Opinion
No. 3D05-2750.
February 15, 2006.
Appeal from the Circuit Court, Miami-Dade County, Jerald Bagley, J.
Rumberger, Kirk Caldwell and David B. Shelton, Orlando, for petitioner.
Pertnoy, Solowsky Allen, Miami, and Richard L. Allen, for respondent.
Before FLETCHER, WELLS, and SHEPHERD, JJ.
Allstate Insurance Company petitions this Court for a writ of certiorari to quash two orders from the circuit court which compel it to produce certain documents and information to its insured, Joan Swain. Because we find the requested discovery not relevant to the litigation and no need for them was shown, we grant the petition.
Swain is employed by Allstate as an insurance agent. In 1996, she and others filed an ERISA action against Allstate in federal court alleging mismanagement of their pension fund. The federal court ruled against the employees finding that the action had been litigated in bad faith. This resulted in the entry of an order awarding Allstate $300,167.50 in attorney's fees and $2,782.05 in costs.
In addition to being her employer, Allstate is also Swain's insurer under a personal umbrella policy which affords liability coverage in the amount of $2,000,000 (in excess of the limits of her homeowners and condominium policies). Swain requested coverage under this policy for the judgment for fees and costs. In response, Allstate filed the instant declaratory action asking the court to determine whether the fee/cost judgment constitutes damages based on personal injury under the terms of the insurance contract. Swain subsequently served Allstate with interrogatories and requests for production to which Allstate objected. The trial court sustained some of the objections but overruled others. Specifically, Allstate was ordered to provide information and documents regarding the drafting, marketing, and interpretation of its umbrella policies; the training of its agents and employees as to said policies; and any claims made under the policies on which fees and/or costs were paid.
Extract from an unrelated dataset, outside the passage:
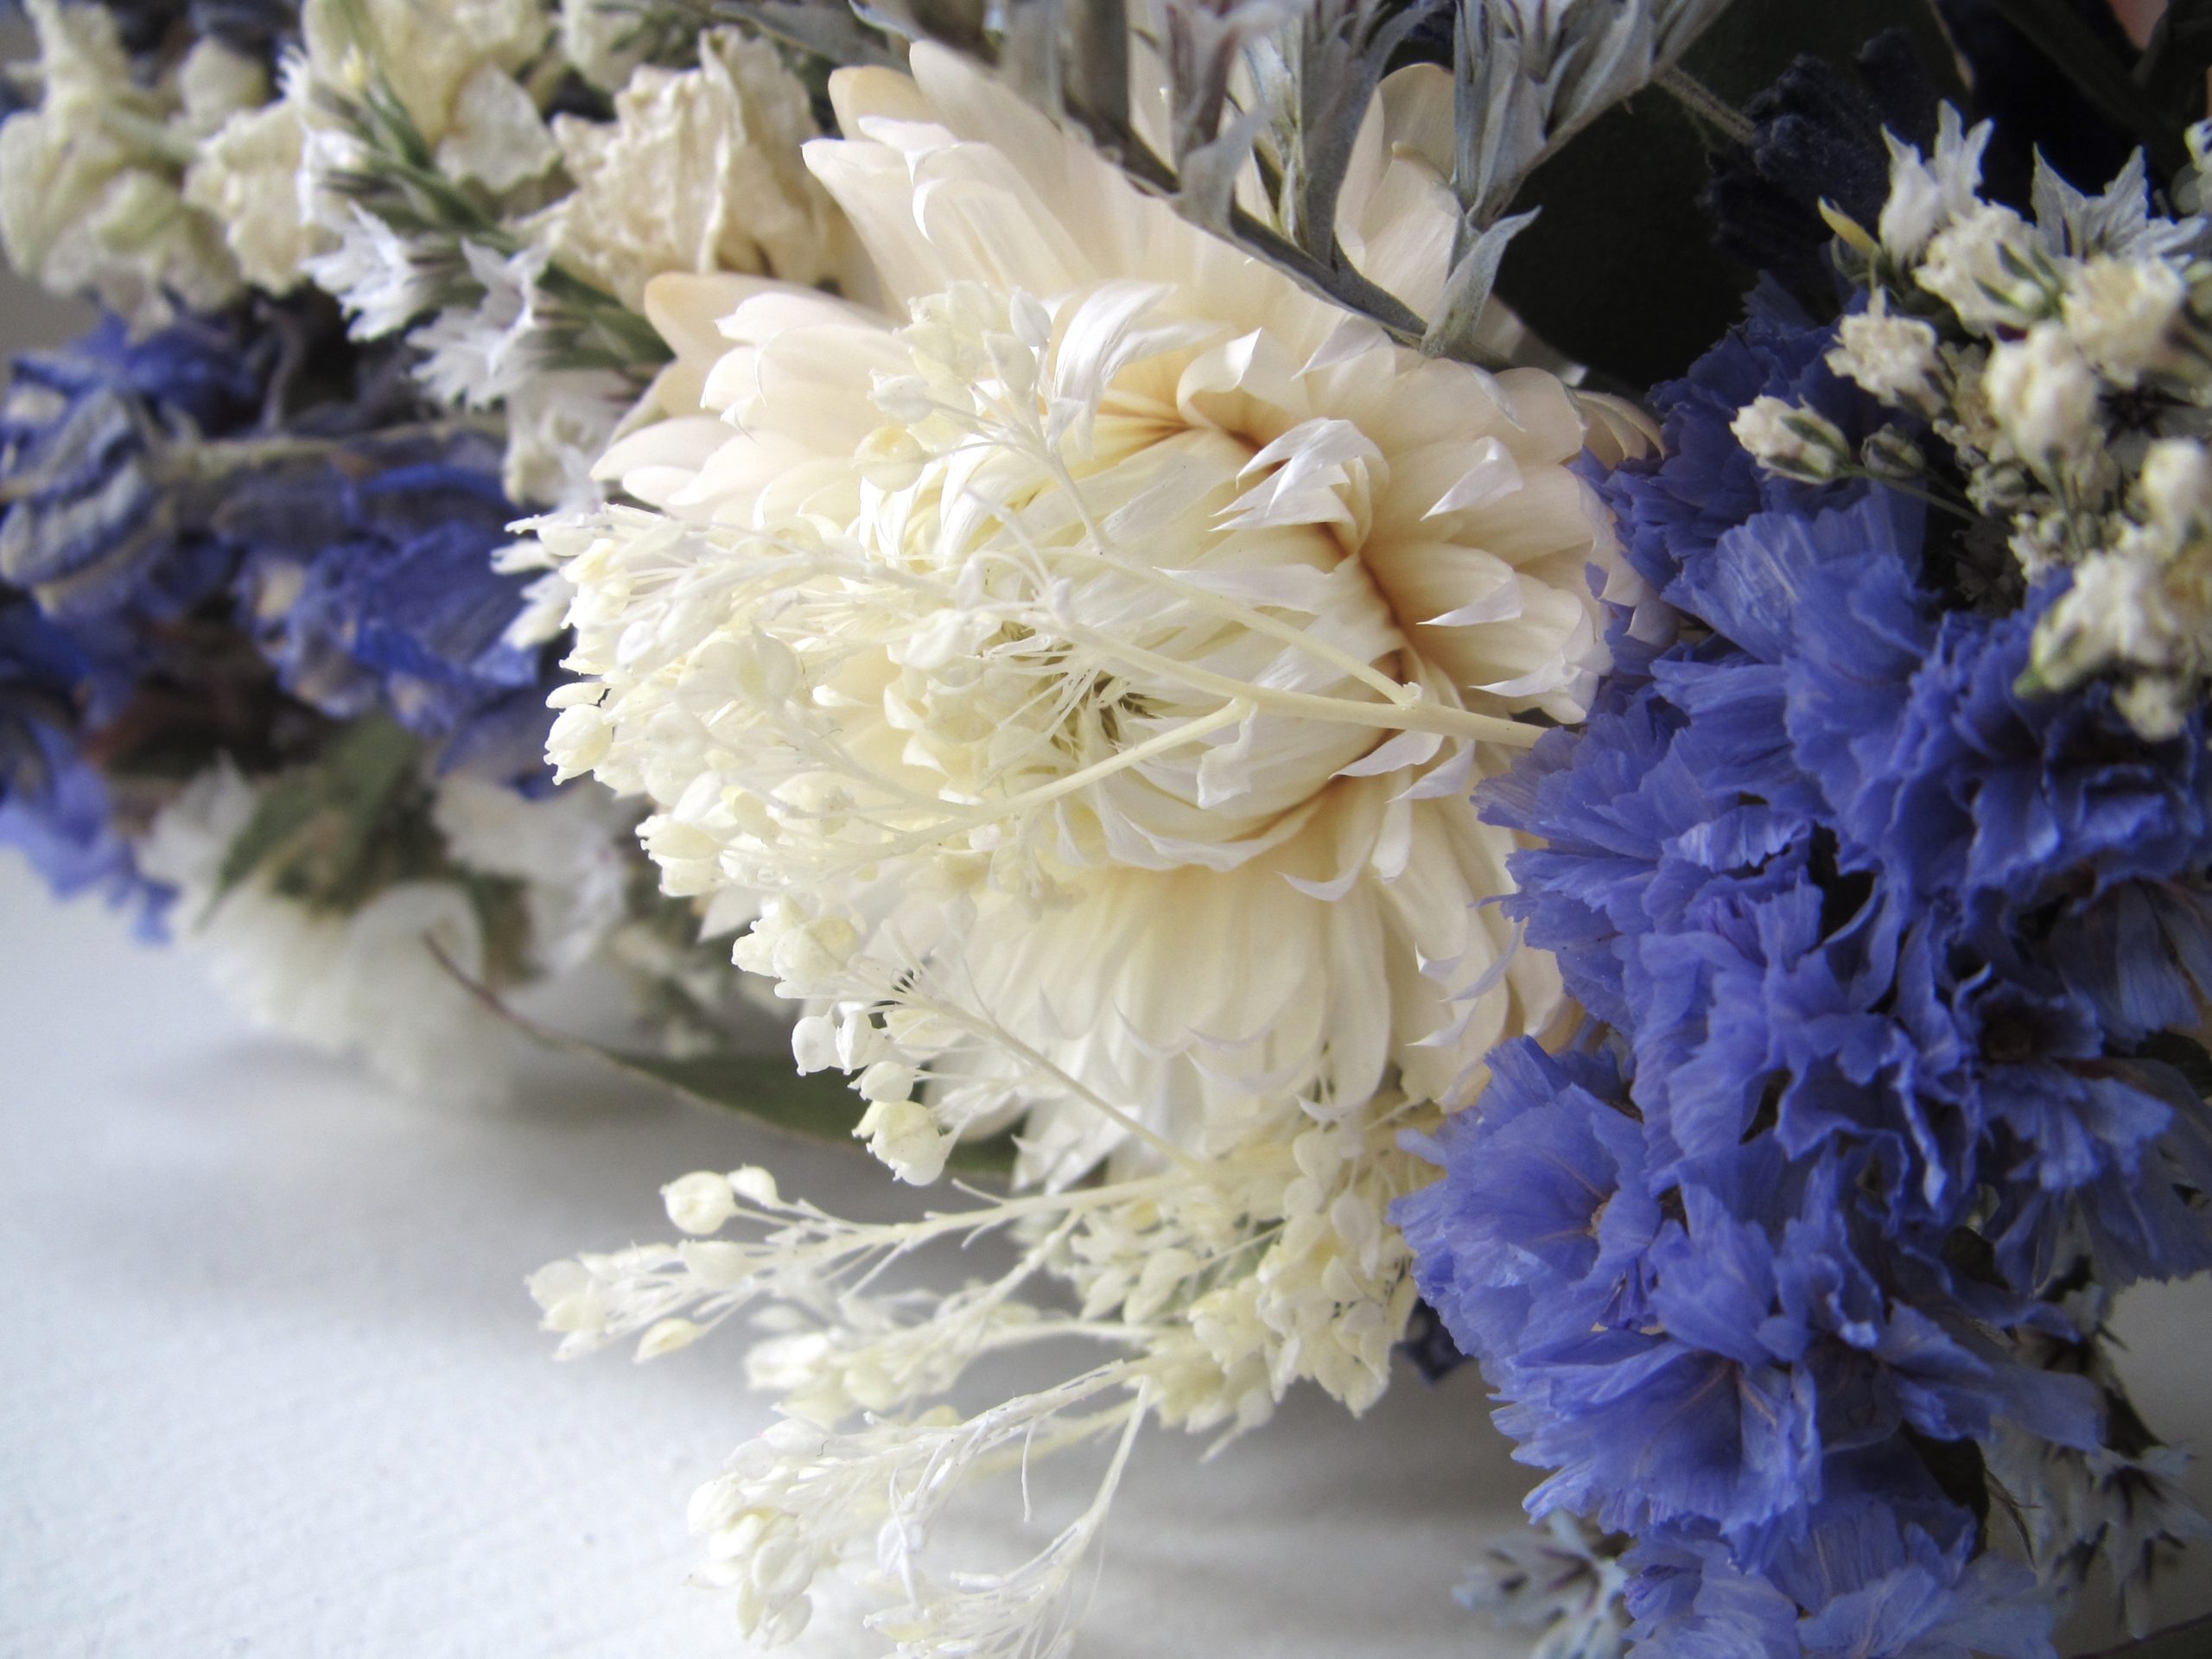 Something Blue Full Flower Crown - The Parsons Wreath Company

The construction of an insurance policy is a question of law to be determined by the court. E.g., Jones v. Utica Mut. Ins. Co., 463 So.2d 1153, 1157 (Fla. 1985); State Farm Fire Cas. Co. v. Castillo, 829 So.2d 242, 244 (Fla. 3d DCA 2002). If, after construing the policy, the court finds that more than one interpretation is possible, it must resolve the ambiguity against the insurer who drafted the language of the insurance contract. See Travelers Ins. Co. v. Smith, 328 So.2d 870, (Fla. 3d DCA 1976) (and cases cited therein). The documents and information requested from Allstate are completely unnecessary to the determination of the coverage issue presented in this case. Allstate, therefore, should not be required to comply with the discovery requests. See Scottsdale Ins. Co. v. Camara De Comercio Latino-Americana De Los Estados Unidos, Inc., 813 So.2d 250, 252 (Fla. 3d DCA 2002) ("The discovery sought is of dubious relevance and no showing has been made for its need in a declaratory action which presents legal issues and will likely be decided on the court's interpretation of the insurance contract. . . .").
Accordingly, we grant the petition and quash the orders compelling Allstate to answer the subject interrogatories and requests for production propounded by Swain.
Petition granted; Orders Quashed.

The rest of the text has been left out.